In her first film in more than ten years, Grisebach’s work plunges into the western genre’s hidden throes. Hers is not merely a western stripped of the stark iconography and bellicose heroes, but rather a challenging work gleaning from the prose of screen poets like John Ford about the creeds of conflict, community and the individual’s place in it. From these, she weaves together a subdued yet tapestried work that, more than anything, believes that this age-old tradition still has something to say about the world we live in today.
In the film we follow the German-born Meinhard (named after his leading man), a taciturn and mysterious construction worker who takes a job that ironically sends him east (rather than the other direction of the title) of his native country into Bulgaria. The project he and the other Germans have been assigned send them to a stretch of land bordering a small town, where most of the residents are apprehensive of outsiders. Meinhard, unwary of his unwanted status in the community, travels away from his worksite to the town and is initially refused cigarettes by a shop vendor. In the same sequence however, Meinhard is talked to in a more friendly fashion by two of the village’s residents just outside the shop. Meinhard, not familiar with the language, can barely tell the kind from the unkind locals.
These lines of communication are blurred in Western, but Grisebach’s world isn’t one dominated by barriers. Hers is an abstract world without obstruction; Meinhard roams almost freely between the German work crew and the Bulgarians. He is warmly invited to break bread with Adrian, a soft-spoken local with an open and empathetic look in his eyes. Meinhard, caught between loyalty to his crew and a hidden, powerful yearning for the familial closeness of the Bulgarian town, subtly forms a subversion of Ford’s iconic final image in The Searchers. Where John Wayne’s Ethan is drawn away from the confines of the family homestead, Grisebach’s lone and solitary figure is drawn towards them.
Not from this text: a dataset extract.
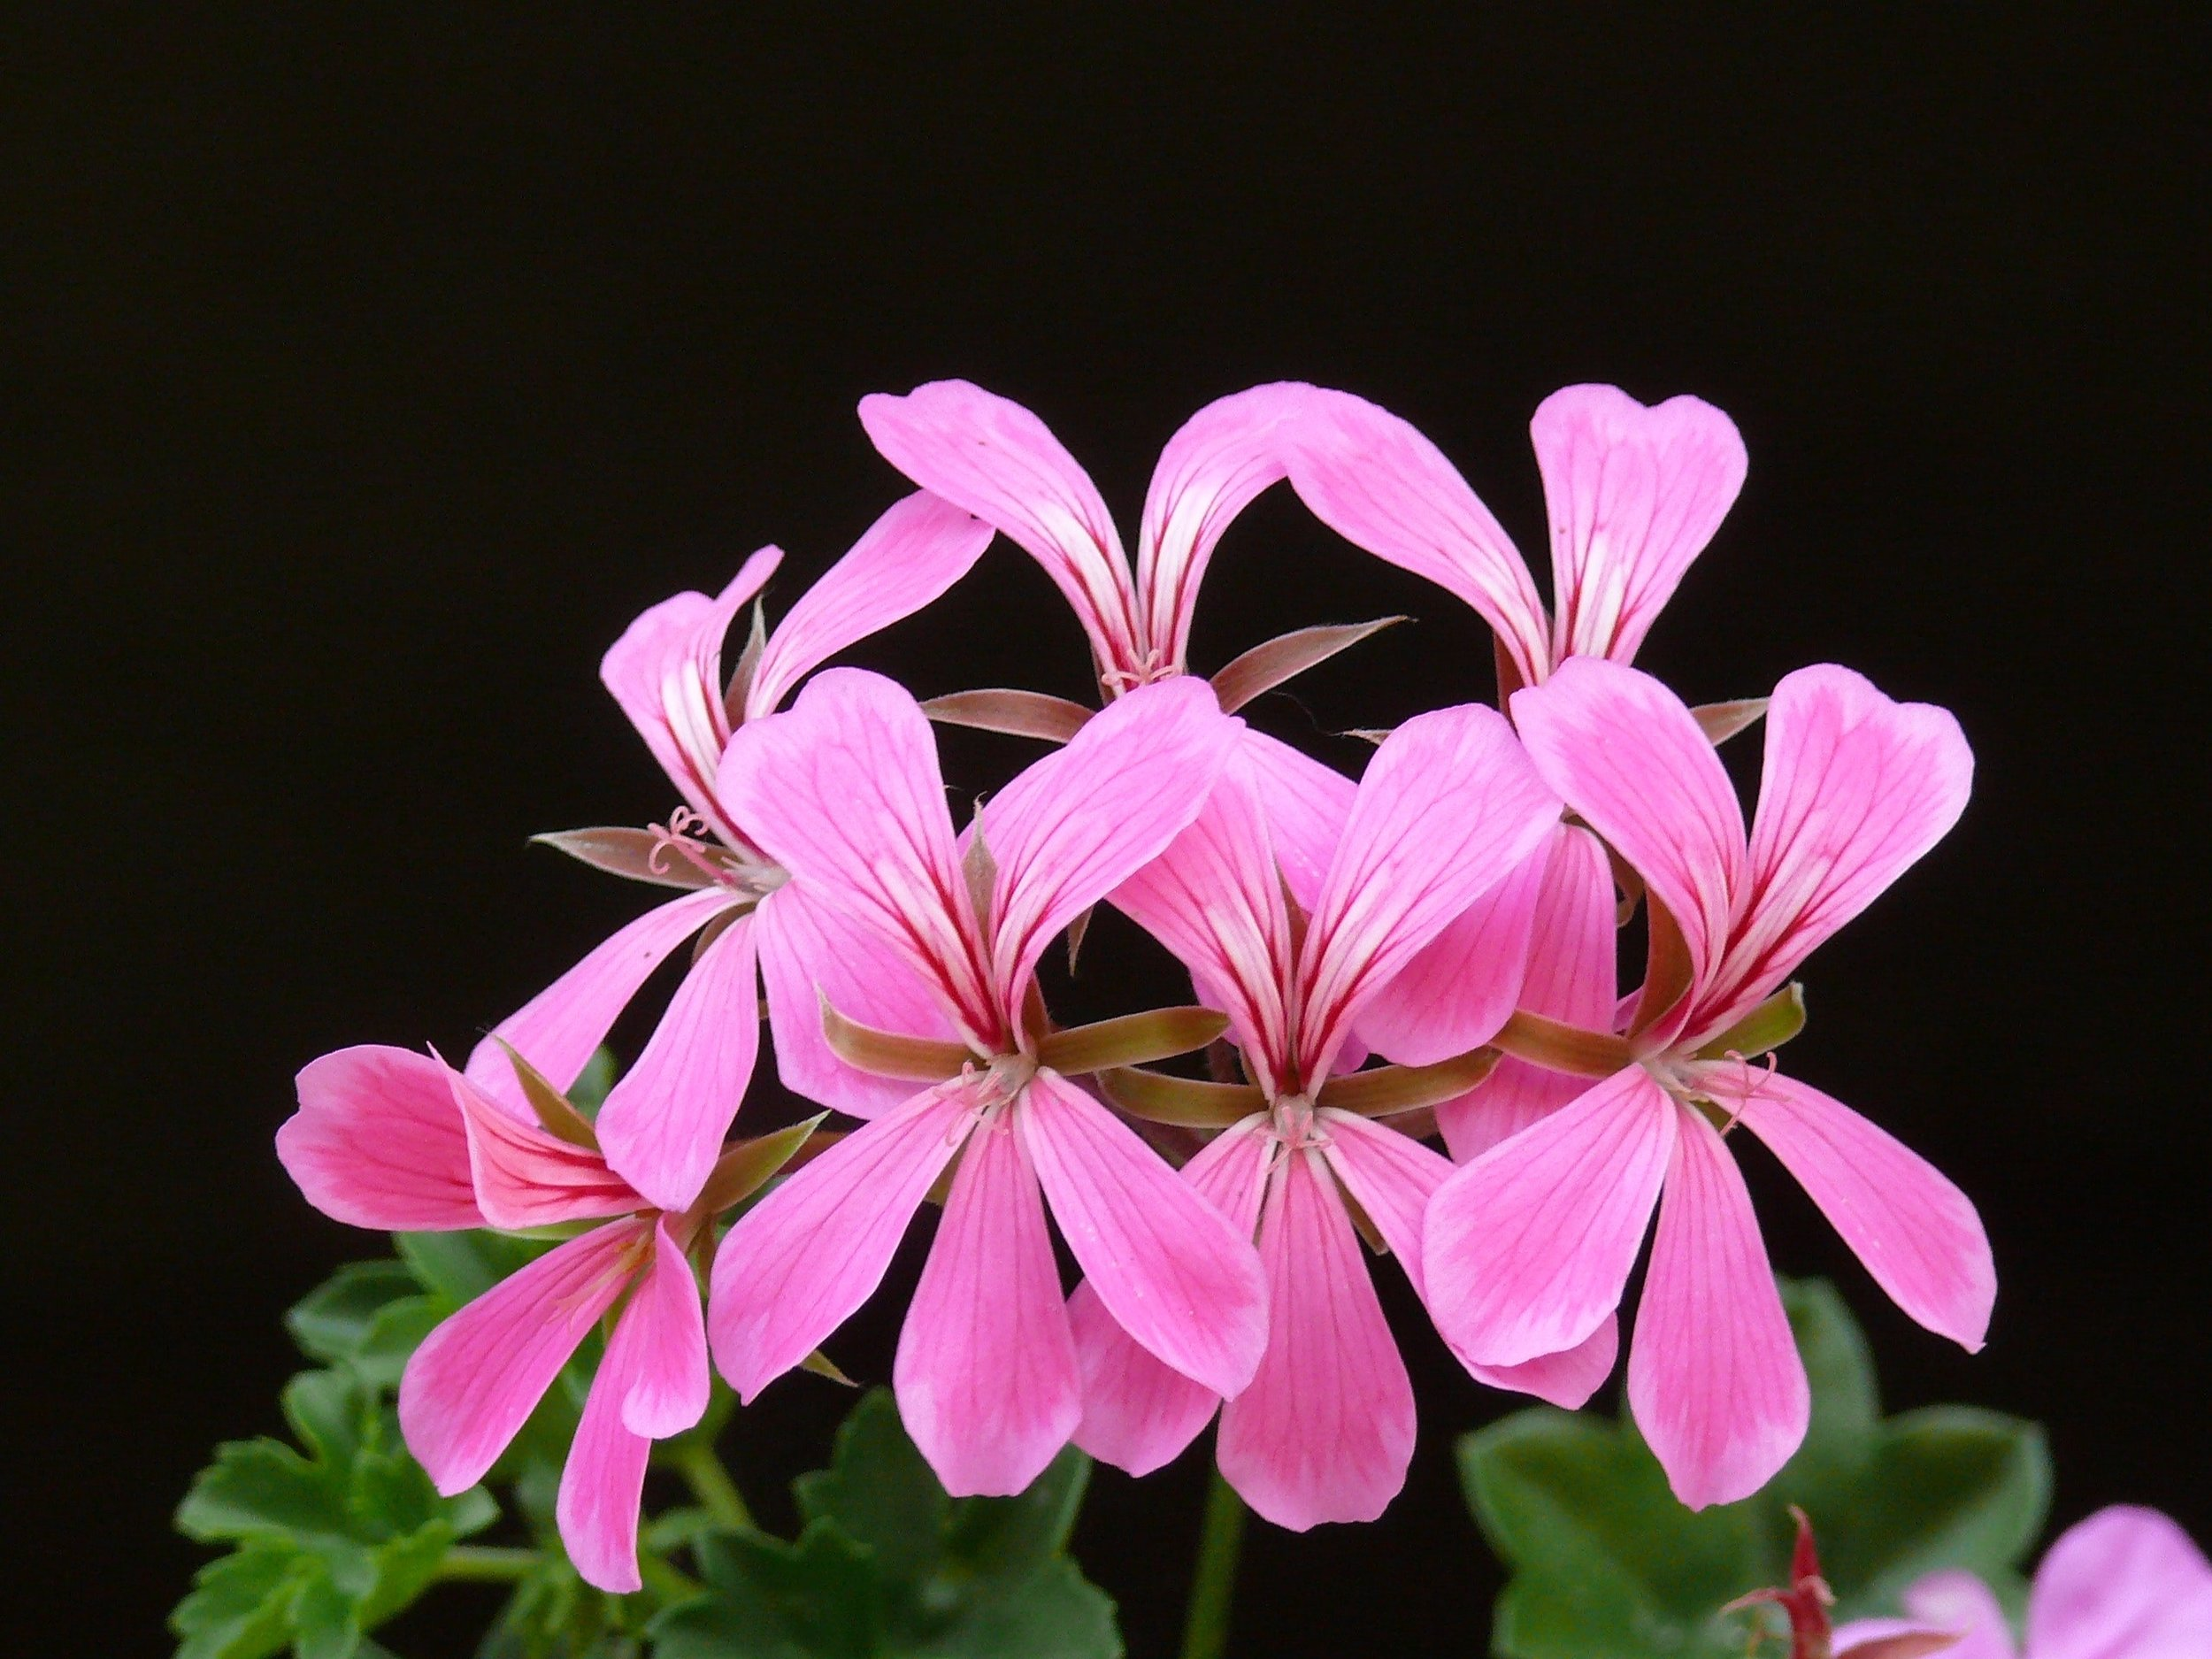 bloom-blossoms-cascading-geranium-53347.jpg

Valeska Grisebach’s appreciation for the genre her film is named for is matched only by her ability to upend the genre’s trademarks, or alter them just enough to fit a more contemporary frame. Taking place in present day, her western unfolds in a modern Europe united by trade and commerce, but divided by ancient attitudes, traditions and prejudices. That steady friction puts just enough strain on Meinhard’s growing presence in the town. Grisebach, however, makes Meinhard’s background ambiguous. Not molded by prejudice or tradition, Meinhard seems less a John Ford ideologue and more a Jean Renoir idealist. Caught hopelessly in between conflicts, Meinhard offers that curious, elusive and often unwelcome proposal of unity and open borders in a hopelessly stratified Europe.
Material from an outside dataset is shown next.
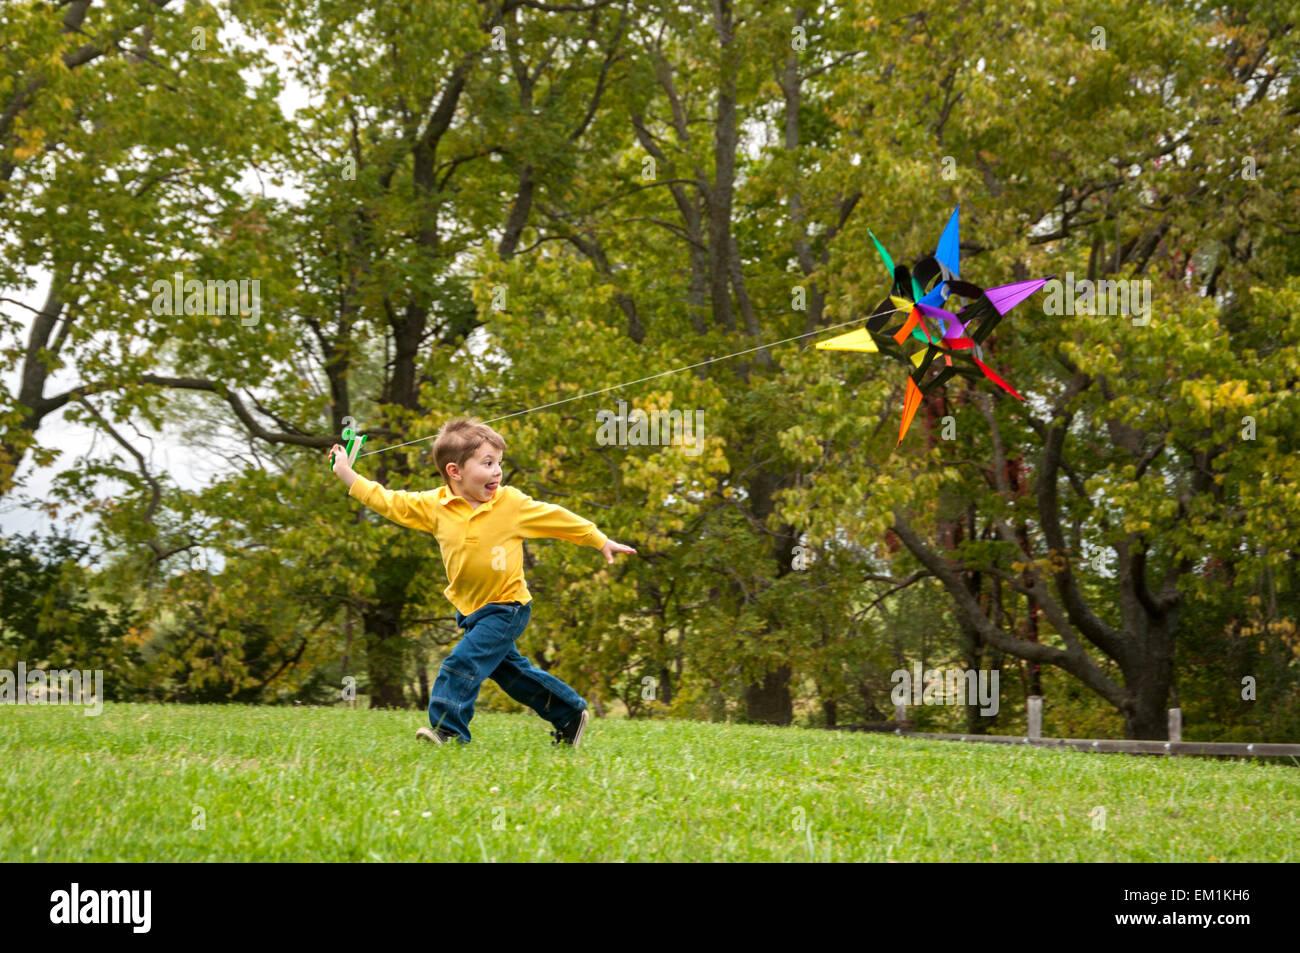 Niño corriendo con kite Imagen De Stock

Such an image of two societies at odds personifies Grisebach’s modern vision of the classic western. Hers may be a western bereft of cowboys and gunslingers but one—like the works of Anthony Mann and John Ford—immersed in challenges of America’s founding myth: male tribalism, ethnocentrism and miscommunication. Grisebach’s slow burn approach may not be the most appealing to the casual filmgoer; the narrative’s leisurely and meandering approach will certainly throw off most. But to those with the stomach (or fondness) for Grisebach’s sensibility, Western will gradually and irresistibly draw one into the story of Meinhard‘s endless search with its equally endless opportunity for discovery.